Although I had lived in Colombia for almost a year a few years ago, this new experience made me reflect more deeply on what it truly means to travel. Seeing life through the eyes of many in Colombia reminded me that travel is never neutral. One of the biggest challenges I faced was learning to understand what is considered “normal” in Medellín, and realizing that living there requires not judgment but a degree of respect and acceptance of those norms.
This realization felt especially stark when I contrasted it with how Medellín is portrayed globally. In doing some SEO research, I noticed that many of the top searches about the city focus on sex tourism, relocation from North America, cost of living, or travel guides. For many foreigners, Medellín is imagined as a paradise: the “City of Eternal Spring,” known for its natural beauty, affordable lifestyle, and the warmth of the Paisa culture. This narrative reinforces the idea of Medellín as a kind of heaven, but only if you’re lucky enough to be on the right side of its contrasts, because Medellín is also a city of shadow,s as the legacy of Pablo Escobar still lingers with thousands of homicides continuing to occur each year. Authorities are still uncovering bodies from rivers and forests every day. Sex tourism, including the exploitation of minors, remains a pressing issue. Stories circulate of both foreigners and locals being drugged, sometimes in cafés or restaurants. Escobar’s influence persists in subtler ways too: taxis, once symbols of just mobility, are still feared as tools criminals use to hide. And in many neighbourhoods, shootouts still erupt in broad daylight.

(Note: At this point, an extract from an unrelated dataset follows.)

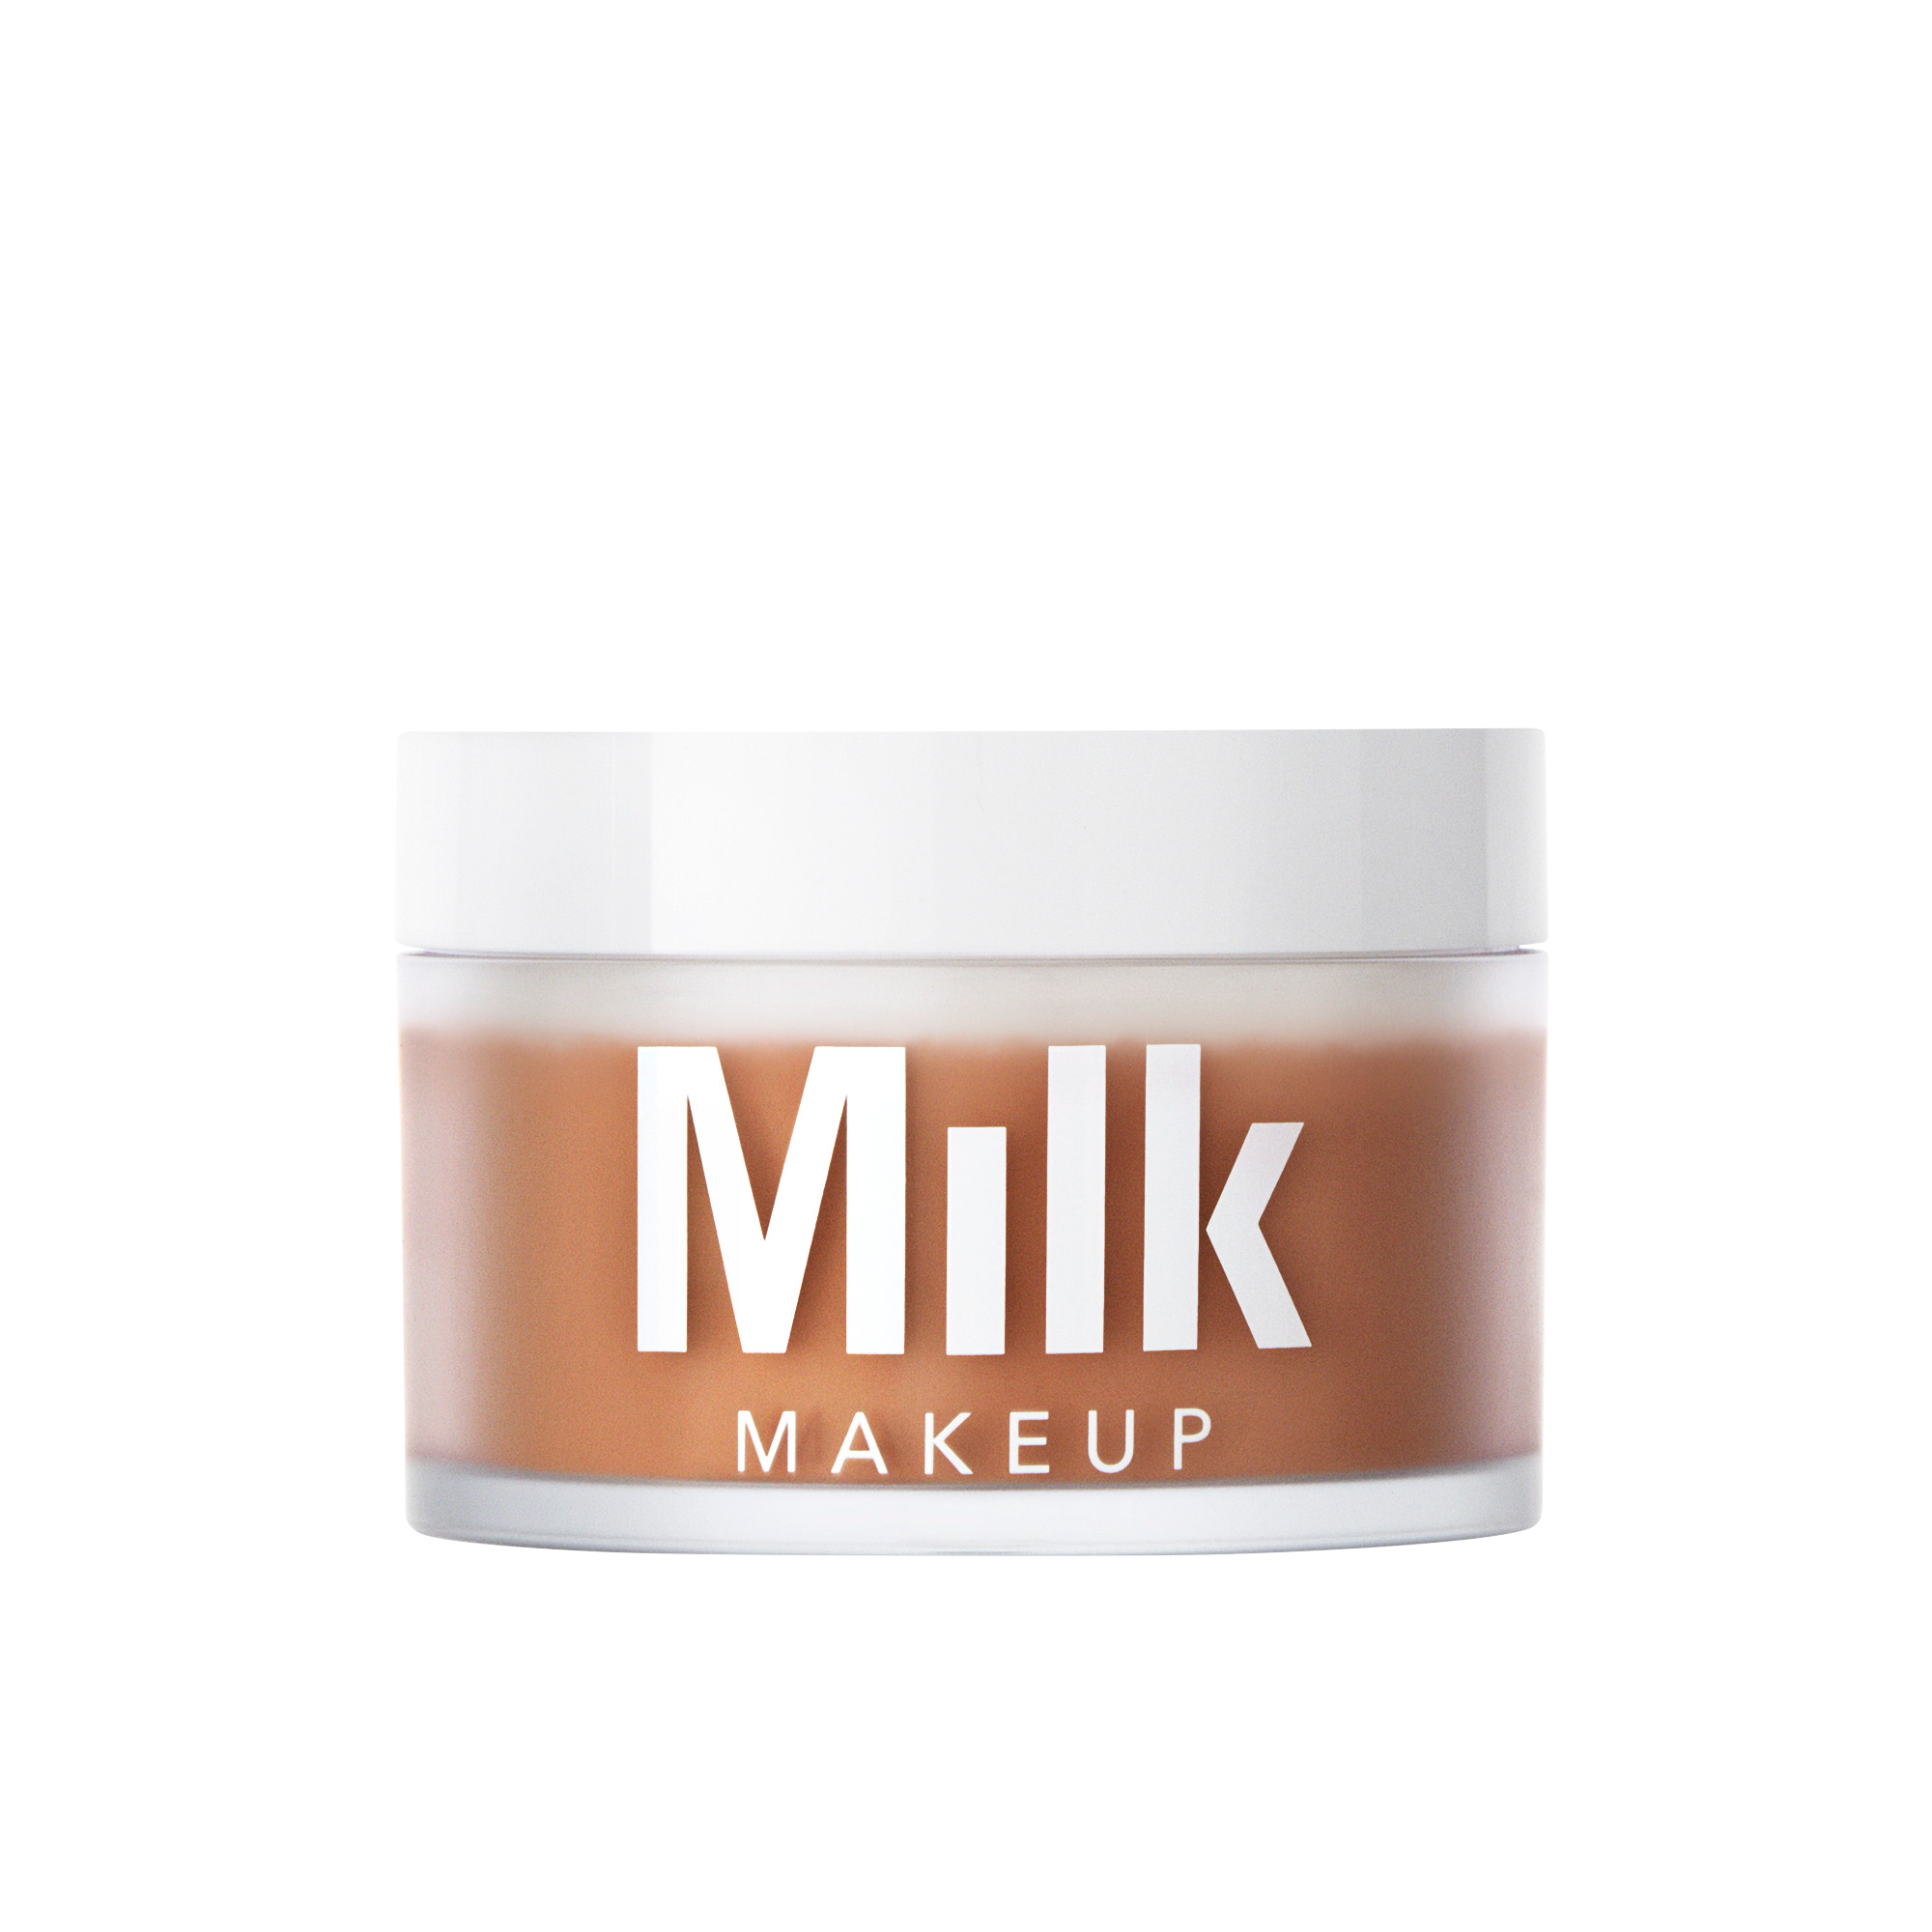 Milk Makeup Blur + Set Matte Loose Setting Powder in Transluscent Deep

To travel in Medellín, then, is to hold these contradictions together: a city celebrated as paradise and feared for its dangers; a place where beauty and violence coexist in ways that outsiders often choose not to see. For me, it meant seeing Medellín not only as a postcard destination but as a lived reality. Specifically, witnessing the crime in Medellín was one of the most shocking parts of my experience. During my last stay in 2021, I lived in an affluent neighbourhood. While I knew some of my friends had been robbed there a few years back, I hadn’t realized how drastically crime rates had increased in just the past year. That same neighbourhood is now a hotspot for robberies, where gang raids usually occur in restaurants and cafés. On top of that, seeing people openly using hard drugs on the streets, even along the highways, while many locals just walk around or over them.
When I was robbed, the police told me that I should consider myself lucky that they didn’t shoot. I called my friends who are locals or have been living in Medellin for several years, and they all said that they’re shocked it only happened to me once. That for them, robbery at knife or gun point has occurred several times. Although Medellín is considered relatively safer today compared to the era of Pablo Escobar, many residents continue to live with fear, as both academics and locals argue that the situation has, in some ways, worsened.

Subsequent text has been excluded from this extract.